● Information supplied
# # # # #

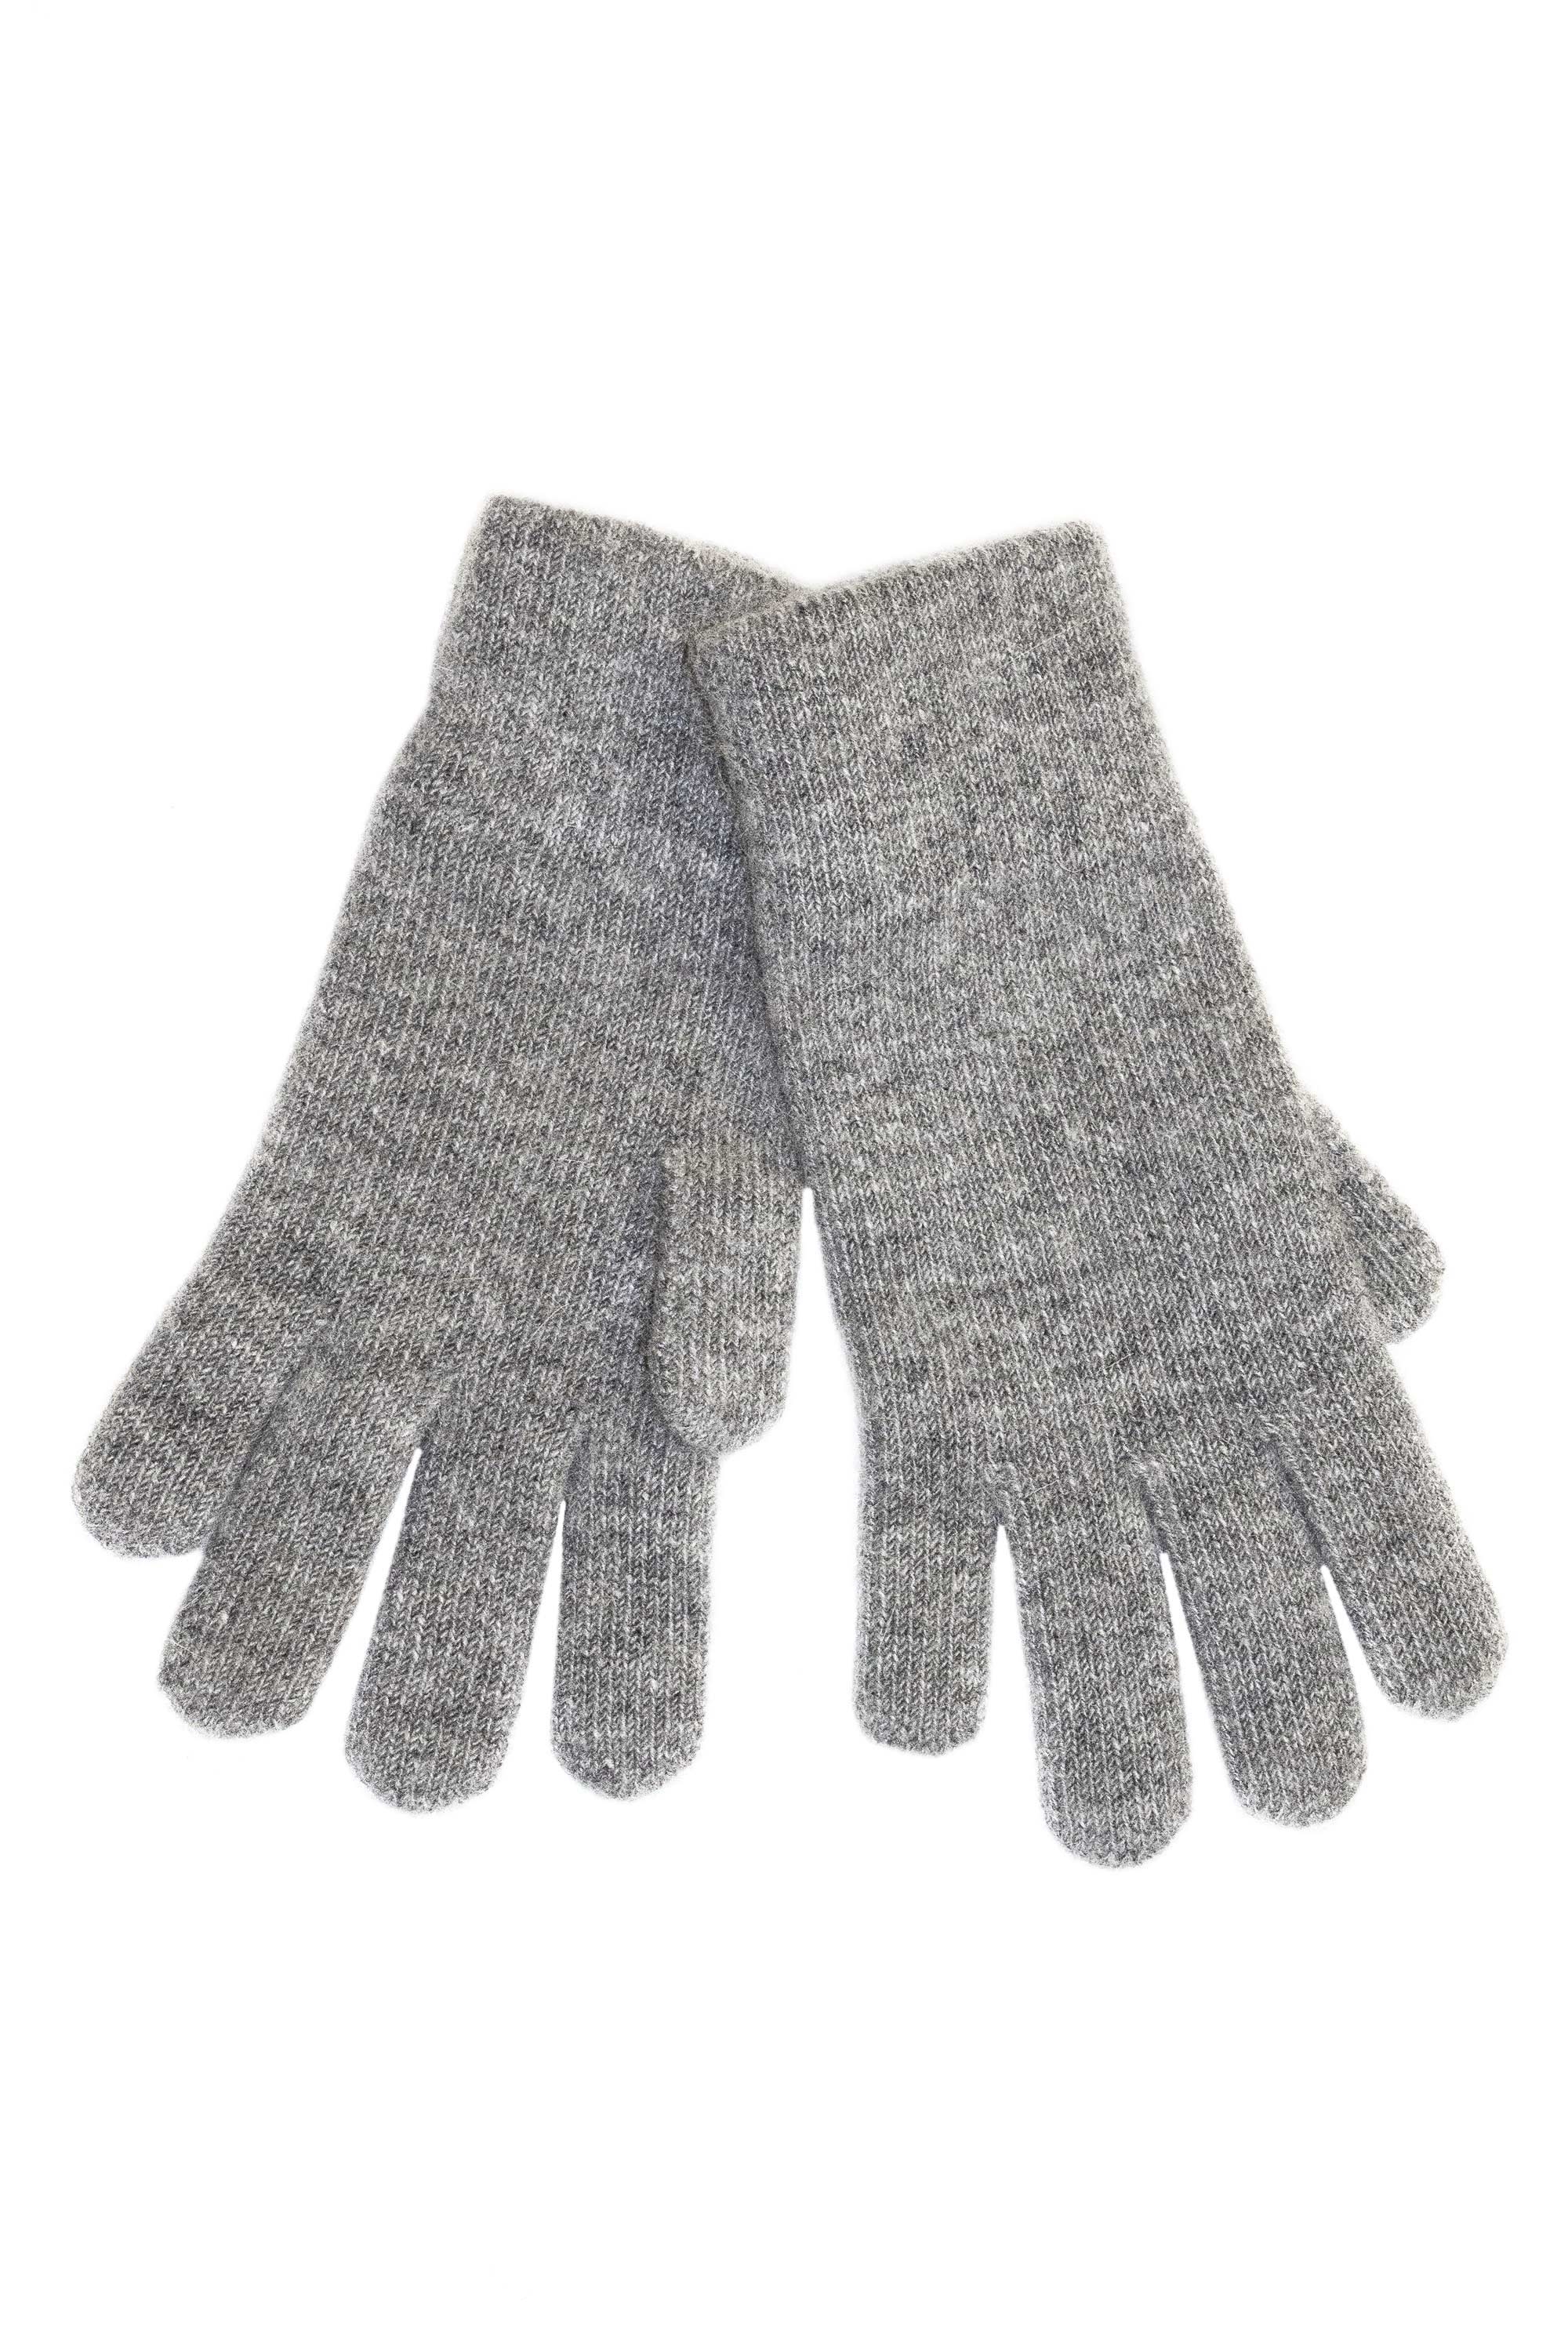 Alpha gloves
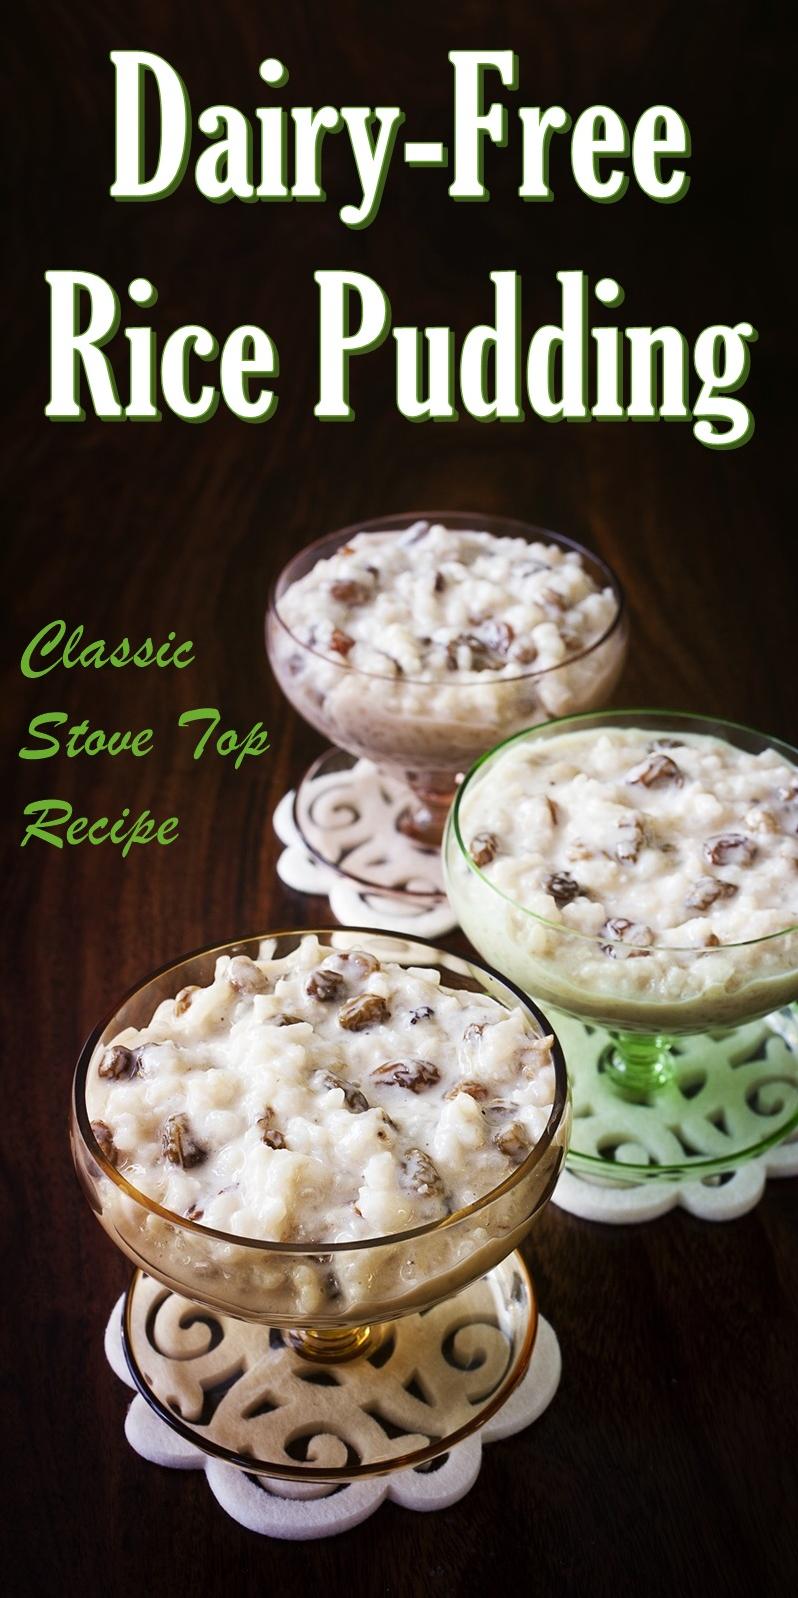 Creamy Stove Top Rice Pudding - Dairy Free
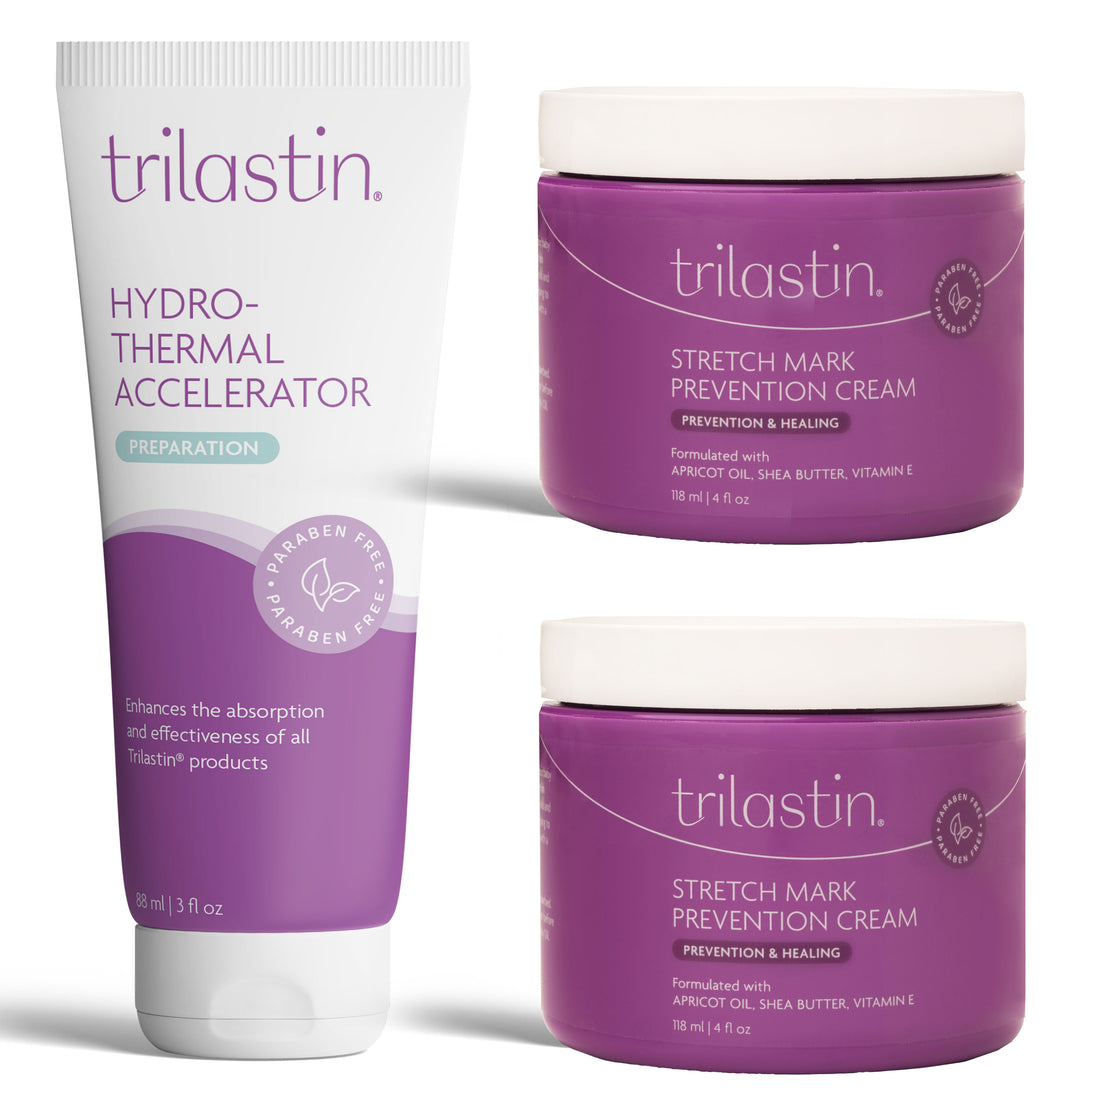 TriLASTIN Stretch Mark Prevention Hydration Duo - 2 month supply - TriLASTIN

# # # # #

● Task prompt
Produce the full material again verbatim, with the pictures dropped.

● Output below
 Alpha gloves
 Creamy Stove Top Rice Pudding - Dairy Free
 TriLASTIN Stretch Mark Prevention Hydration Duo - 2 month supply - TriLASTIN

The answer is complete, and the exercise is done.